Some notes from my own experience on LLMs for NLP problems:
1) The output schema is usually more impactful than the text part of a prompt.
a) Field order matters a lot. At inference, the earlier tokens generated influence the next tokens.
b) Just have the CoT as a field in the schema too.
c) PotentialField and ActualField allow the LLM to create some broad options and then select the best. This mitigates the fact that they can't backtrack a bit. If you have human evaluation in your process, this also makes it easier for them to correct mistakes.
d) Most well definined problems should be possible zero-shot on a frontier model. Before rushing off to add examples really check that you're solving the correct problem in the most ideal way.
2) Defining the schema as typescript types is flexible and reliable and takes up minimal tokens. The output JSON structure is pretty much always correct (as long as the it fits in the context window) the only issue is that the language model can pick values outside the schema but that's easy to validate in post.
3) "Evaluating LLMs can be a minefield." yeah it's a pain in the ass.
4) Adding too many examples increases the token costs per item a lot. I've found that it's possible to process several items in one prompt and, despite it being seemingly silly and inefficient, it works reliably and cheaply.
5) Example selection is not trivial and can cause very subtle errors.
6) Structuring your inputs with XML is very good. Even if you're trying to get JSON output, XML input seems to work better. (Haven't extensively tested this because eval is hard).
Love the idea of adding CoT as a field in the expected structured output as it also makes it easier from a UX perspective to show/hide internal vs external outputs.
> Structuring your inputs with XML is very good. Even if you're trying to get JSON output, XML input seems to work better. (Haven't extensively tested this because eval is hard).
Would be neat to see LLM-specific adapters that can be used to swap out different formats within the prompt.
"Ready to -dive- delve in?" is an amazingly hilarious reference. For those who don't know, LLMs (especially ChatGPT) use the word delve significantly more often than human created content. It's a primary tell-tale sign that someone used an LLM to write the text. Keep an eye out for delving, and you'll see it everywhere.
Fantastic advice. While reading the article I kept running across advice I had seen before or figured out myself, then forgot about. I am going to summarize this article and add the summary to my own Apple Notes (there are better tools, but I just use Apple Notes to act as a pile-of-text for reach notes.)
1) you’re sampling a distribution; if you only sample once, your sample is not representative of the distribution.

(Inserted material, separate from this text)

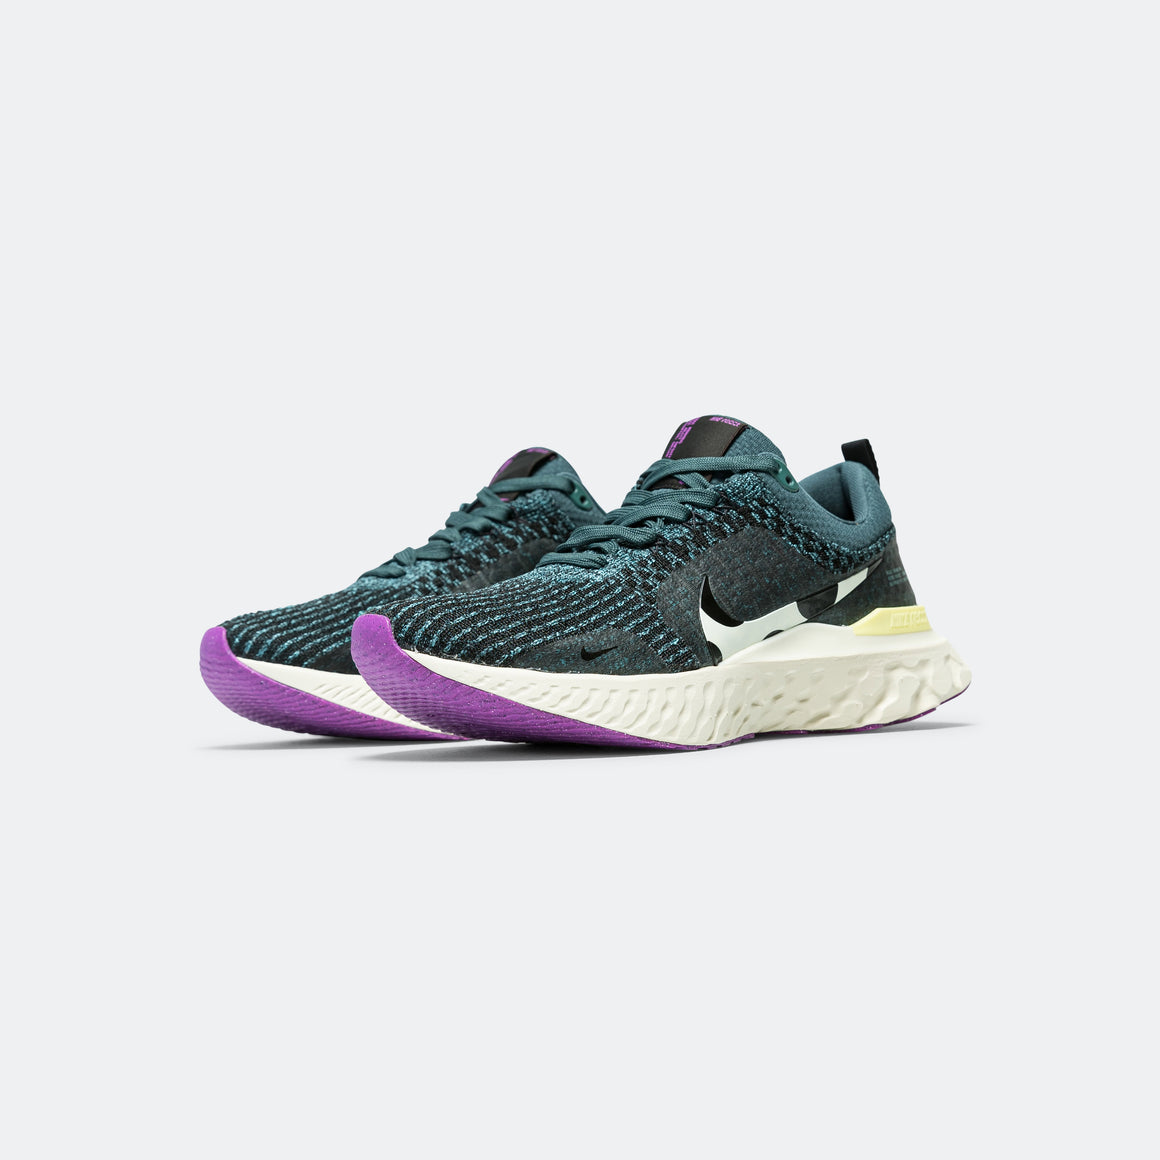 Nike - Mens React Infinity Run FK 3 - Mineral Teal/Black-Faded Spruce - Up There Athletics

For evaluating prompts and running in production; your hallucination rate is inversely proportional to the number of times you sample.
Sample many times and vote is a highly effective (but slow) strategy.

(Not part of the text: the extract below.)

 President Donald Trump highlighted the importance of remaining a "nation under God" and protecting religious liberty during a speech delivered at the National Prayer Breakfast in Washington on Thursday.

There is almost zero value in evaluating a prompt by only running it once.
2) Sequences are generated in order.
Asking an LLM to make a decision and justify its decision in that order is literally meaningless.
Once the “decision” tokens are generated; the justification does not influence them. It’s not like they happen “all at once” there is a specific sequence to generating output where the later output cannot magically influence the output which has already been generated.

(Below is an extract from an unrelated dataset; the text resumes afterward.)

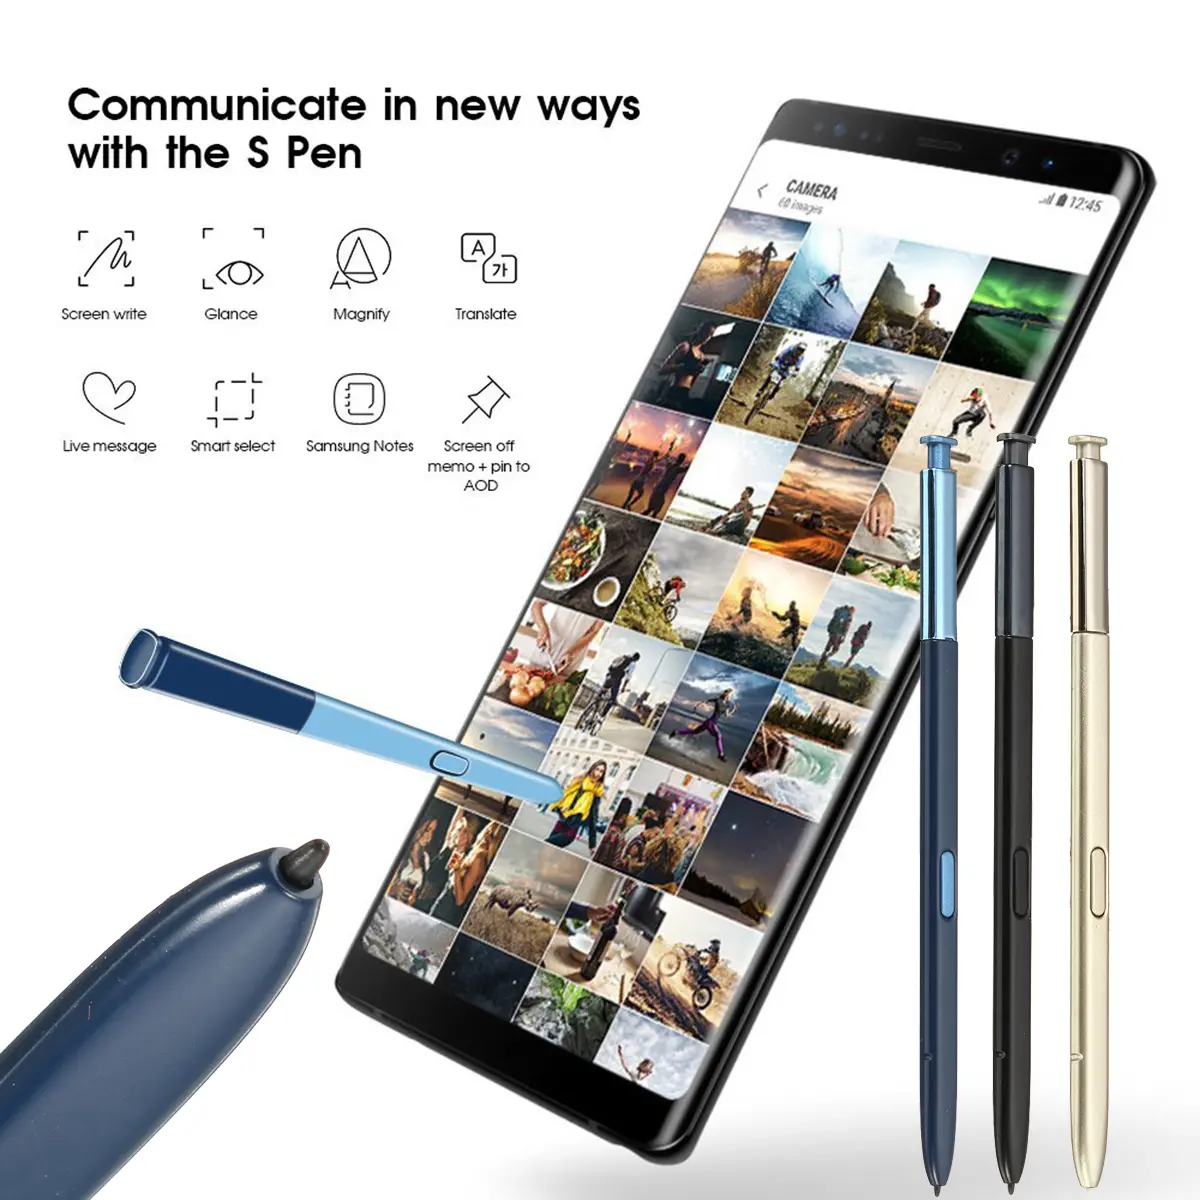 Stylus S Pen For Samsung Galaxy Note 8 AT&T Verizon T-Mobile Sprint

This is true for sequential outputs from an LLM (obviously), but it is also true inside single outputs. The sequence of tokens in the output is a sequence.
If you’re generating structured output (eg json, xml) which is not sequenced, and your output is something like {decision: …, reason:…} it literally does nothing.
…but, it is valuable to “show the working out” when, as above, you then evaluate multiple solutions to a single request and pick the best one(s).